- GIVEN DATA -
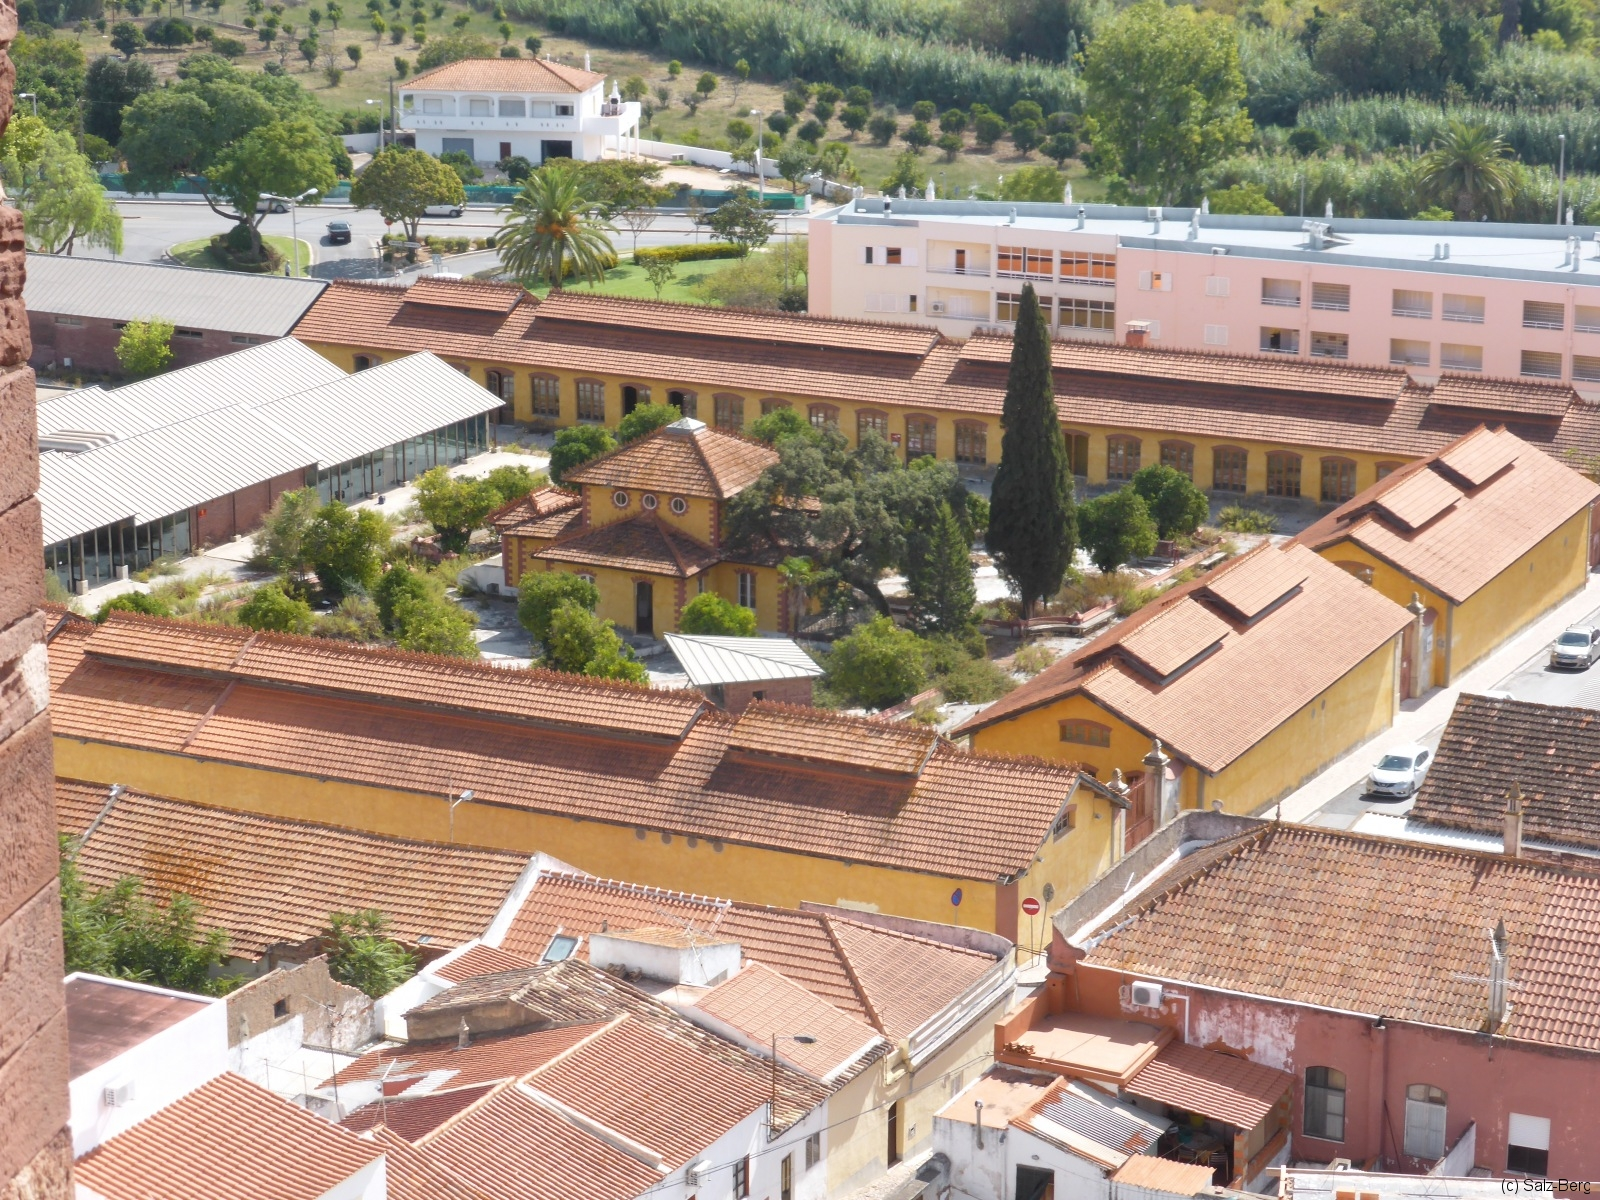 Algarve-293-P1050820
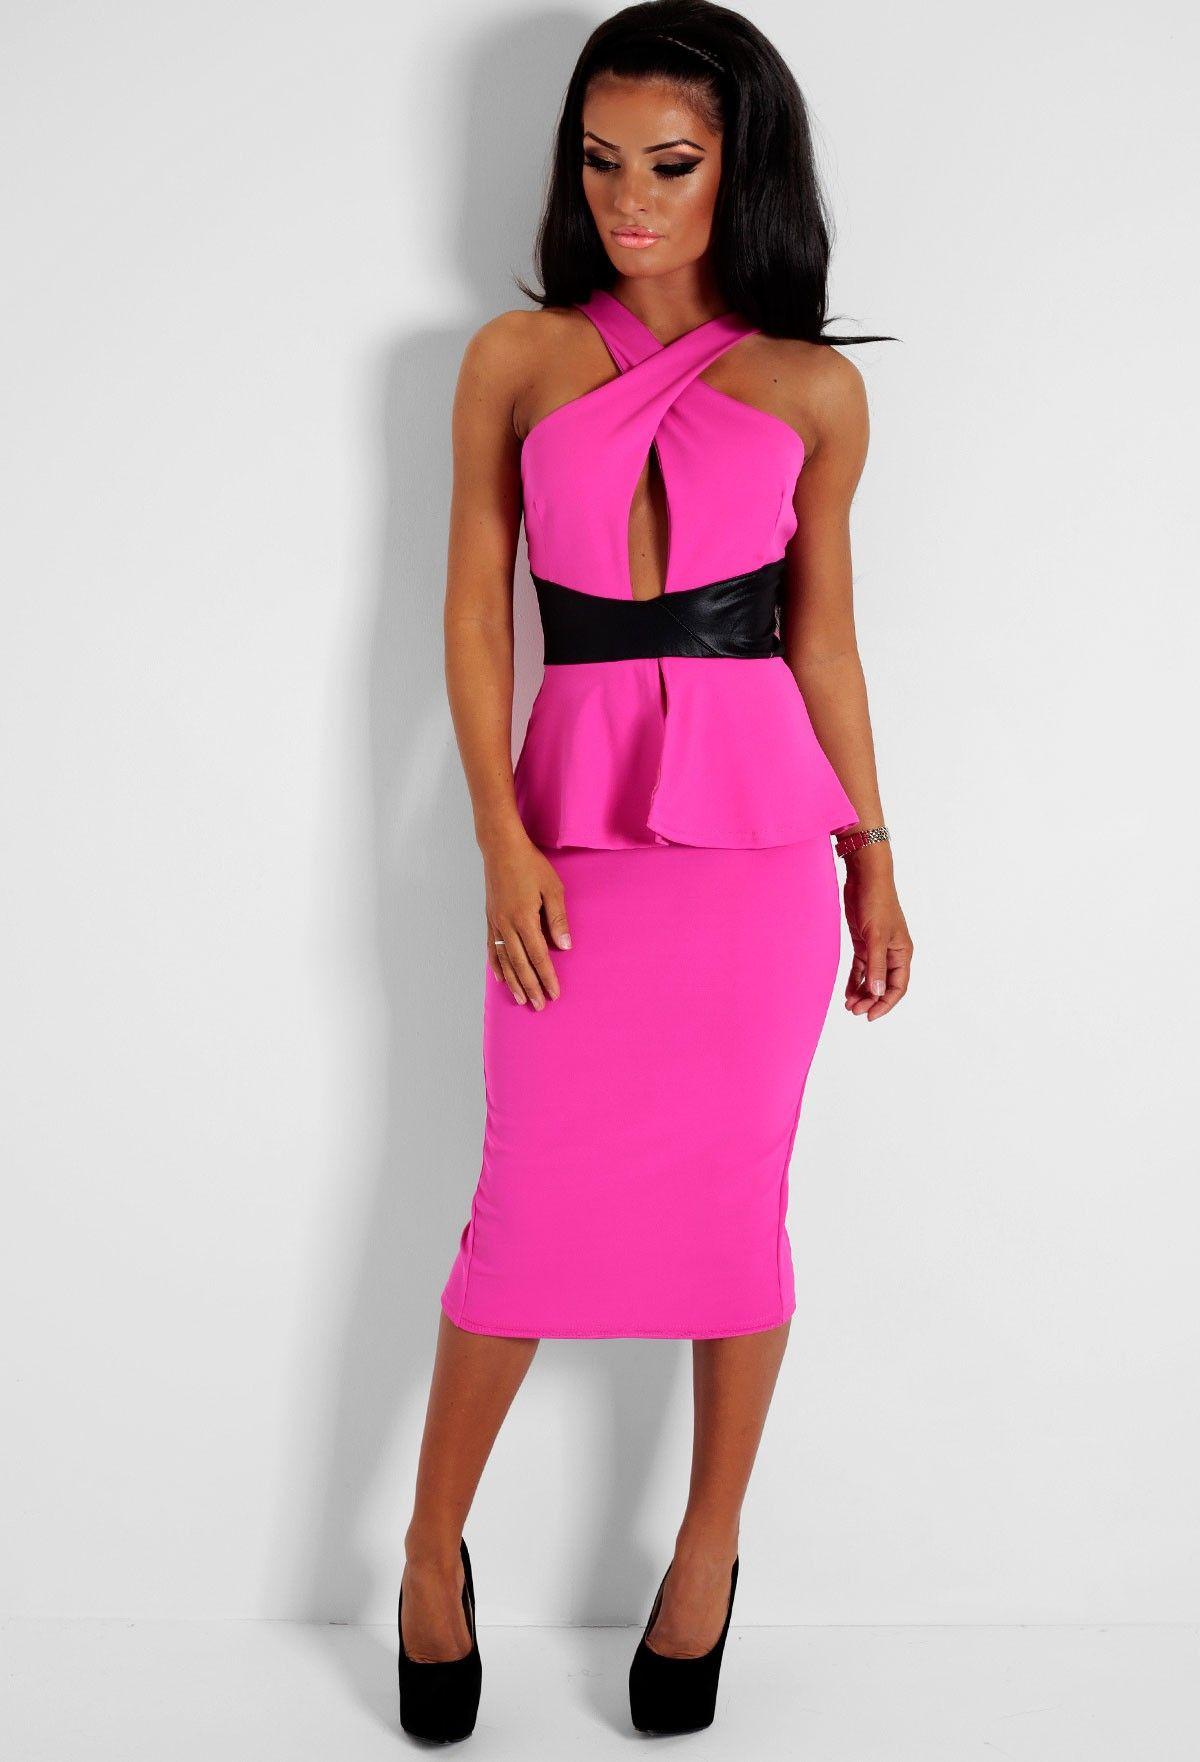 Paris Pink and Black Leatherette Peplum Midi Dress | Pink Boutique ...
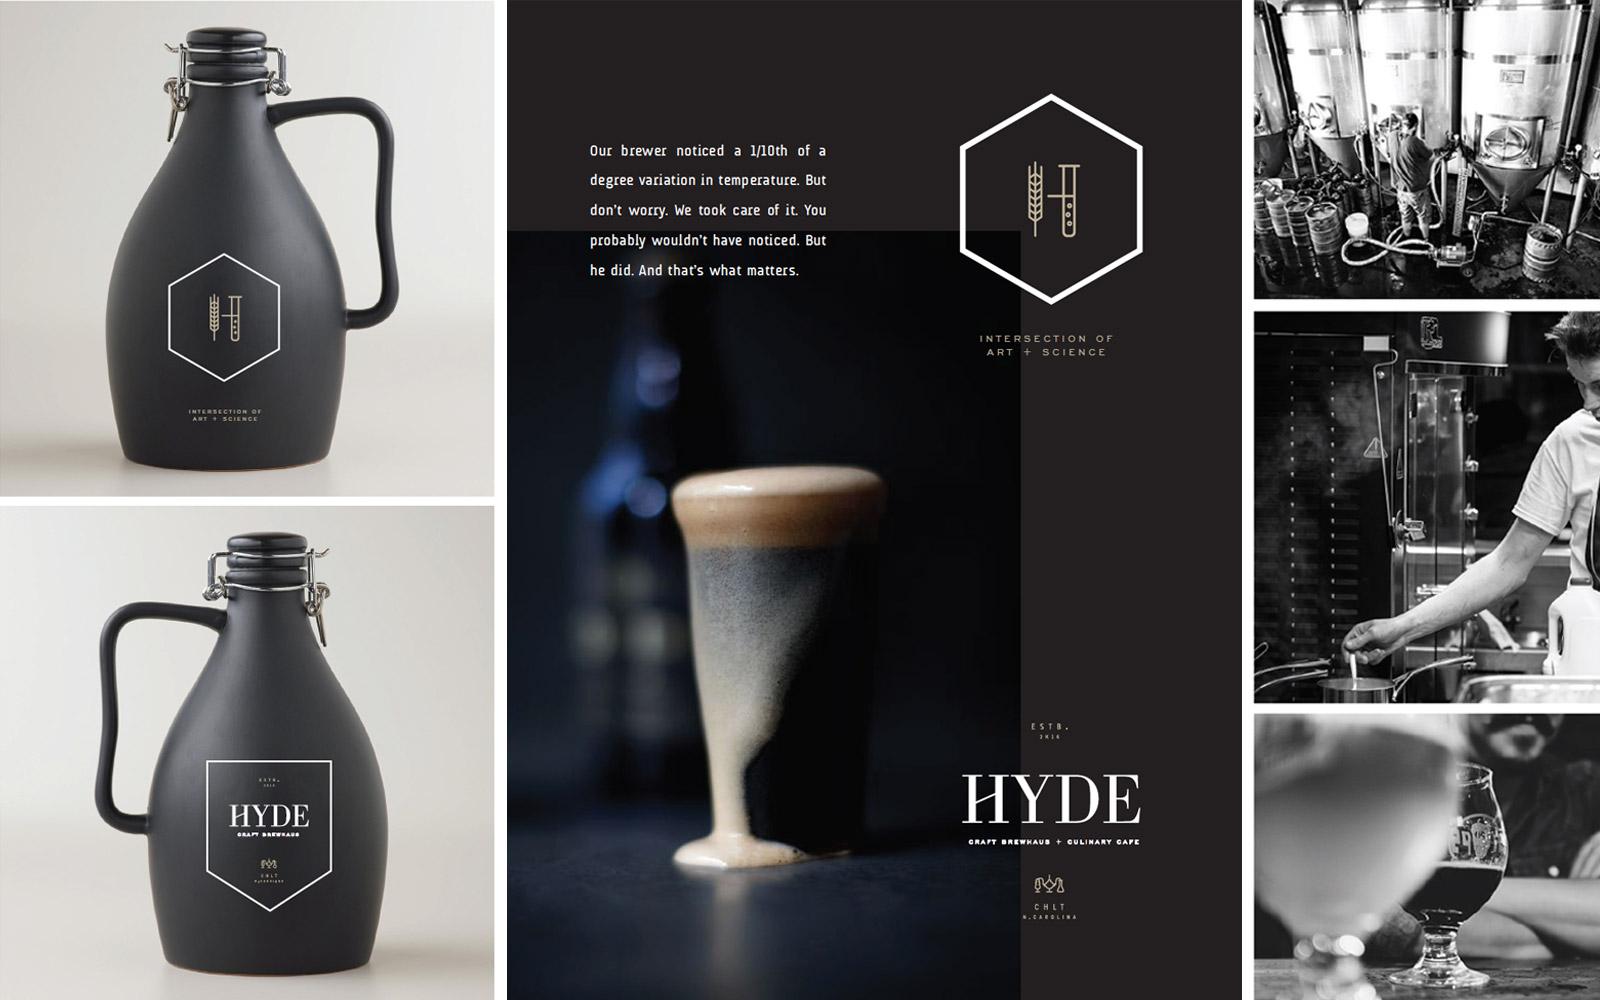 hyde-5

- TASK STATEMENT -
Please write out every line of the listing above exactly, and leave the images behind.

- OUTPUT FOR THIS TASK -
 Algarve-293-P1050820
 Paris Pink and Black Leatherette Peplum Midi Dress | Pink Boutique ...
 hyde-5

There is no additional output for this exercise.